Restrict the output to the lines below starting at the one that contains "M12 Sensor/Aktor Anschlussleitung" and ending at the one that contains "Flavio, Samantha y", and restate them word for word, both ends included.

Given records:
↓↓↓

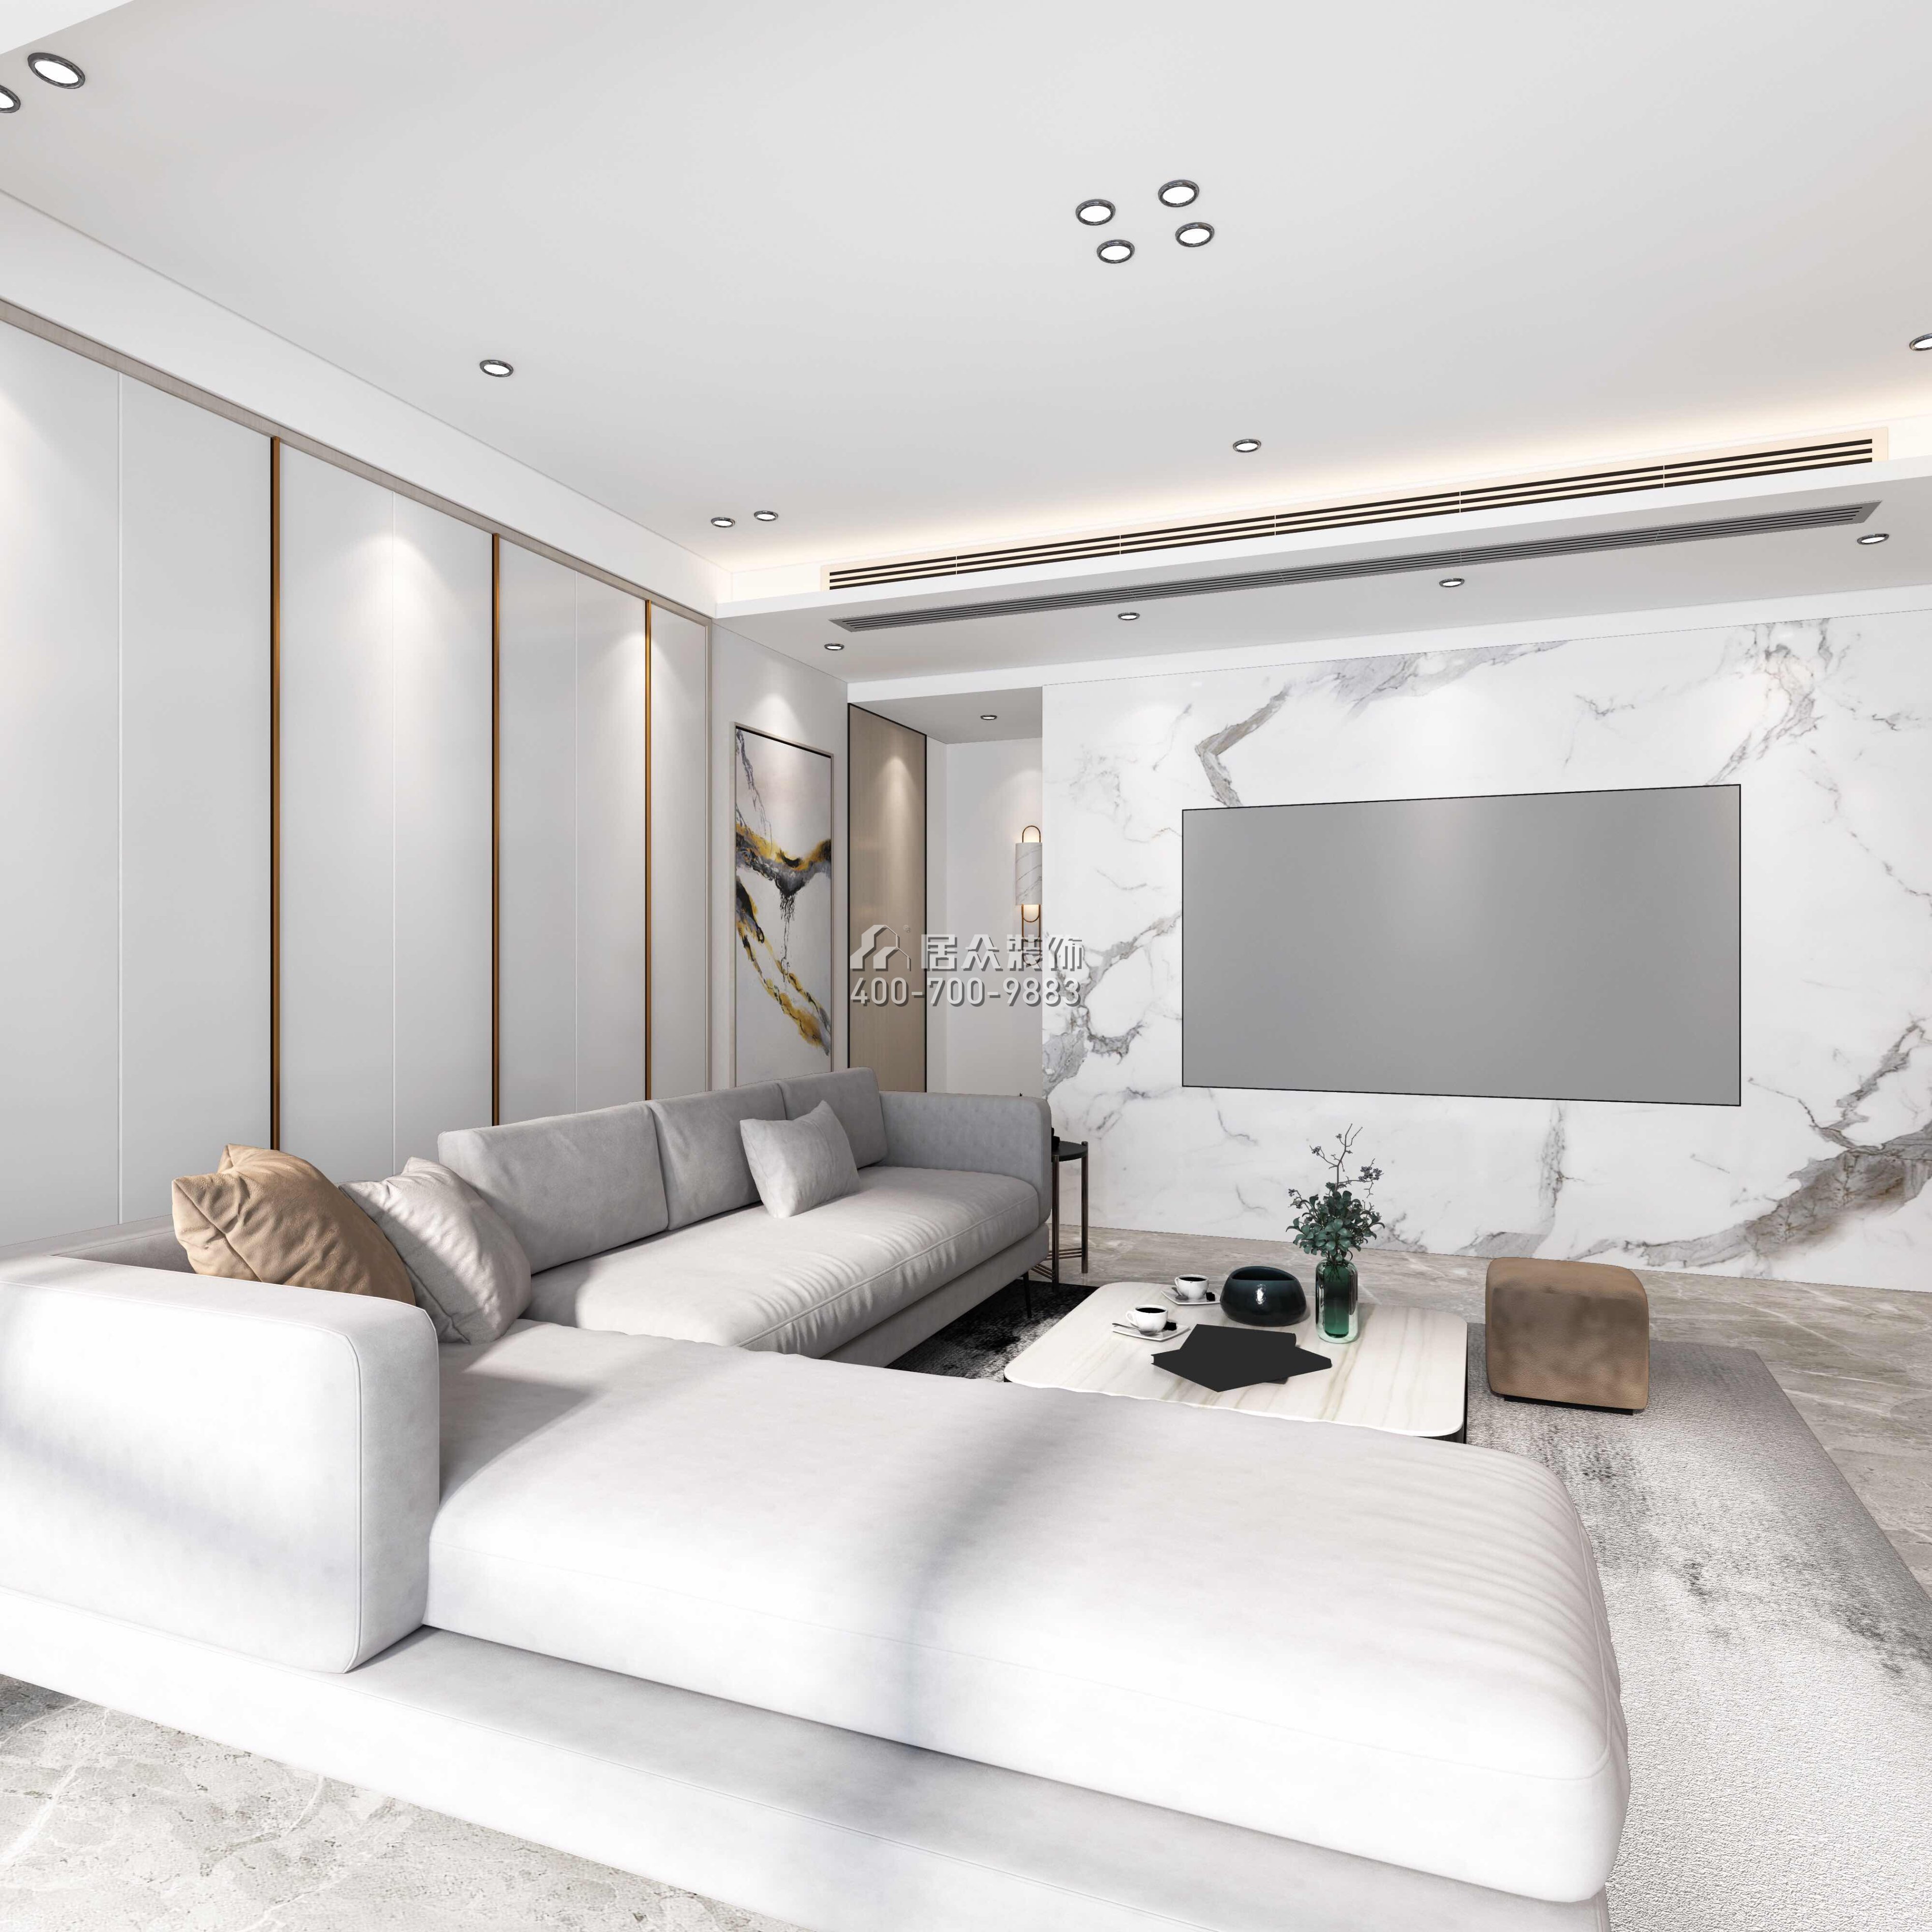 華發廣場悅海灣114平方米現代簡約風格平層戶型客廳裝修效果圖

↑↑↑
↓↓↓

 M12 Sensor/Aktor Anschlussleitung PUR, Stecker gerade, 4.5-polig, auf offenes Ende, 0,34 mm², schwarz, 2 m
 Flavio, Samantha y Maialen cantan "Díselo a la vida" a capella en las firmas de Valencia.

↑↑↑
↓↓↓

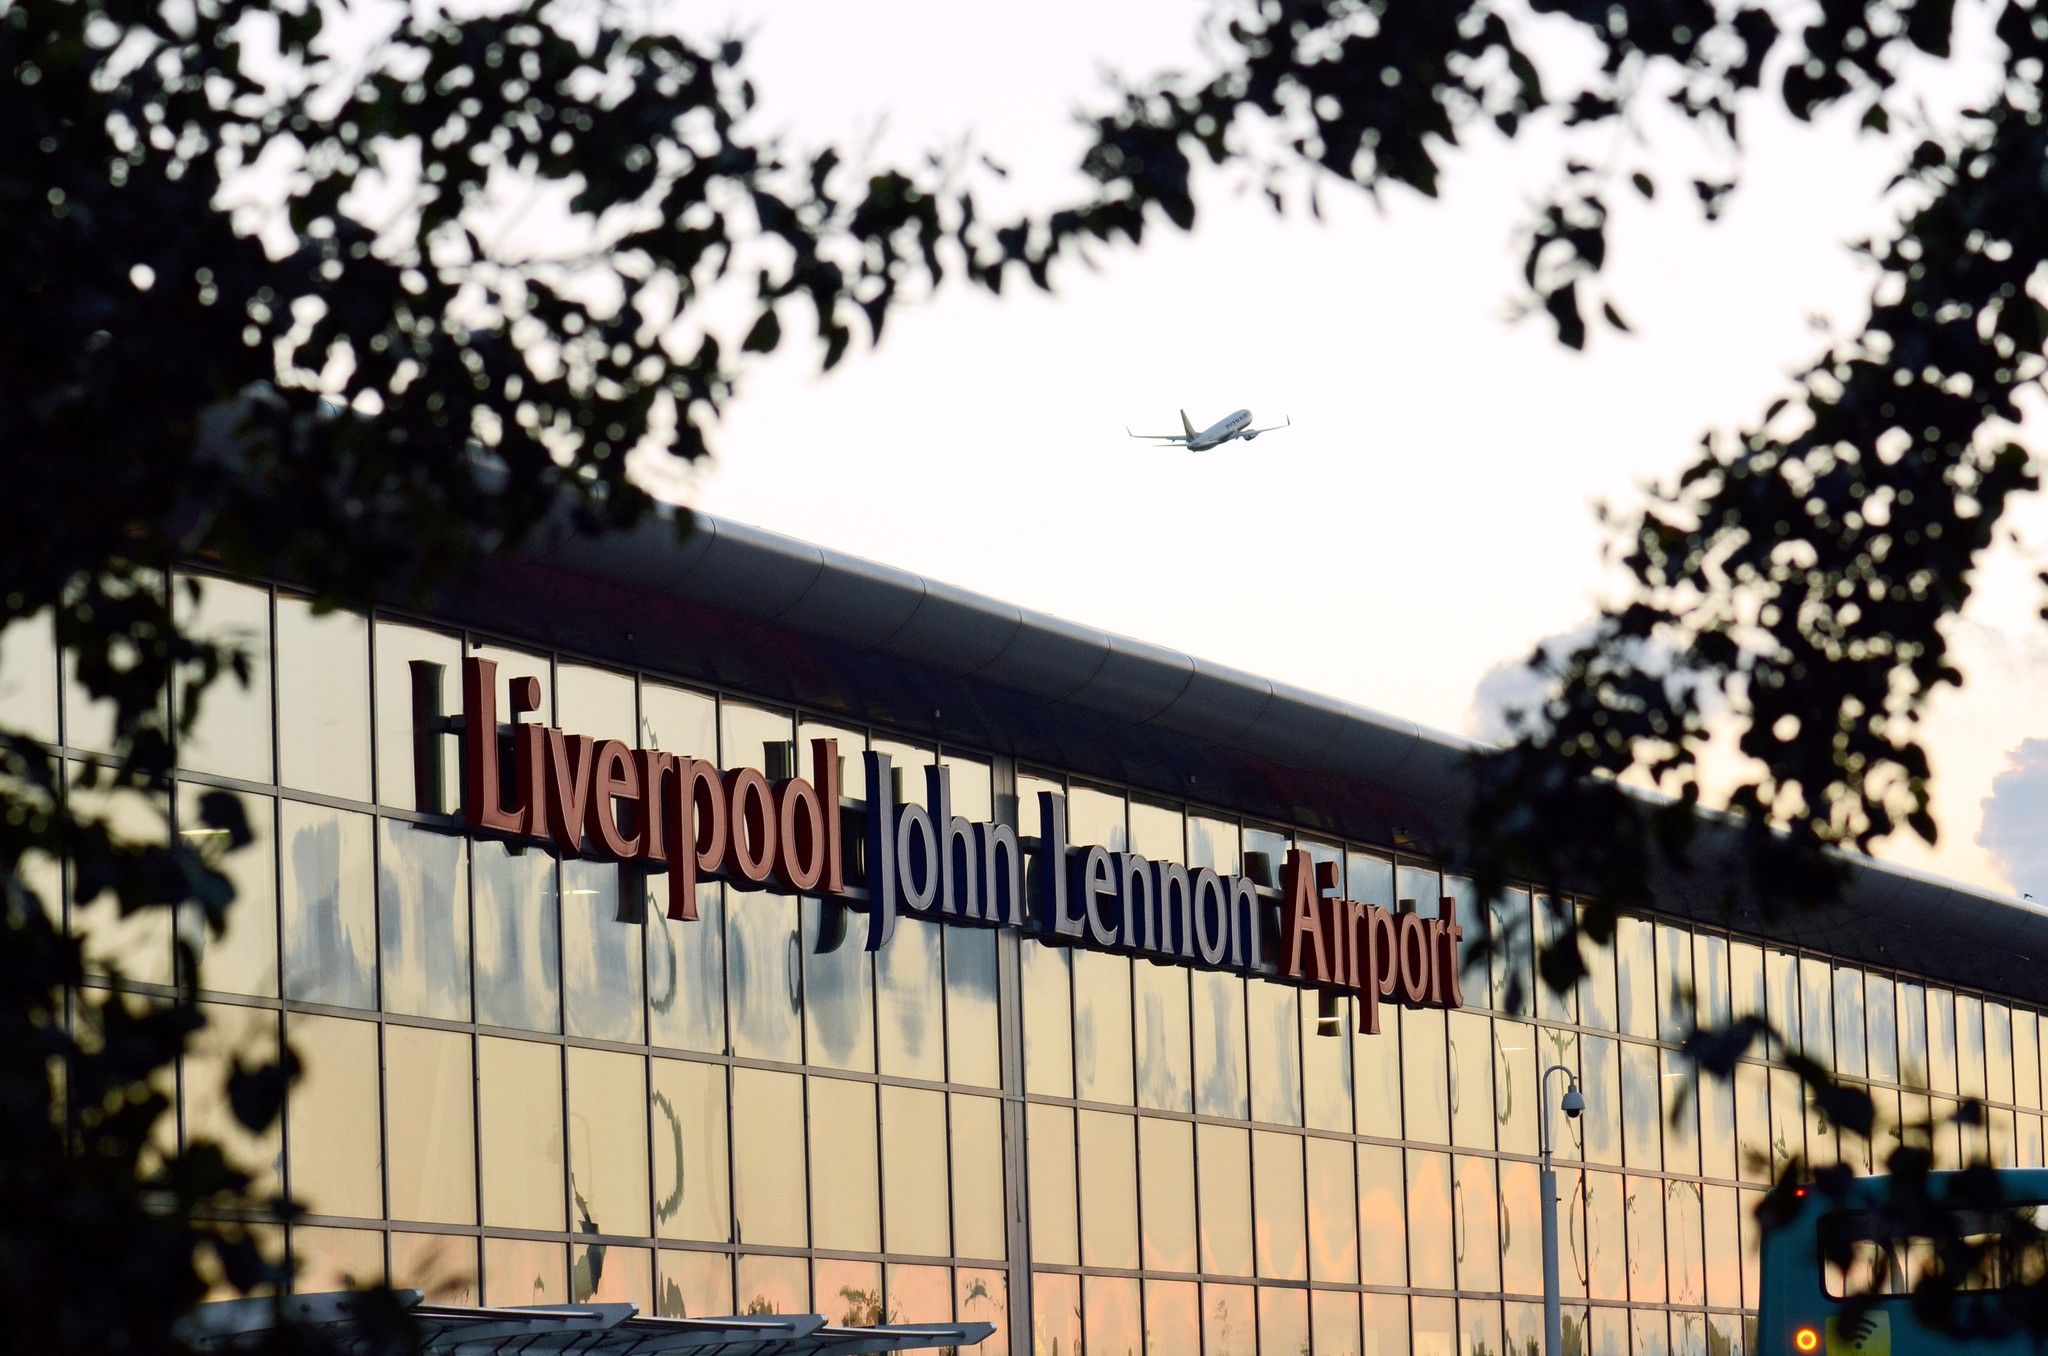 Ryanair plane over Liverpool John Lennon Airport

↑↑↑

Answer to this problem:
 M12 Sensor/Aktor Anschlussleitung PUR, Stecker gerade, 4.5-polig, auf offenes Ende, 0,34 mm², schwarz, 2 m
 Flavio, Samantha y Maialen cantan "Díselo a la vida" a capella en las firmas de Valencia.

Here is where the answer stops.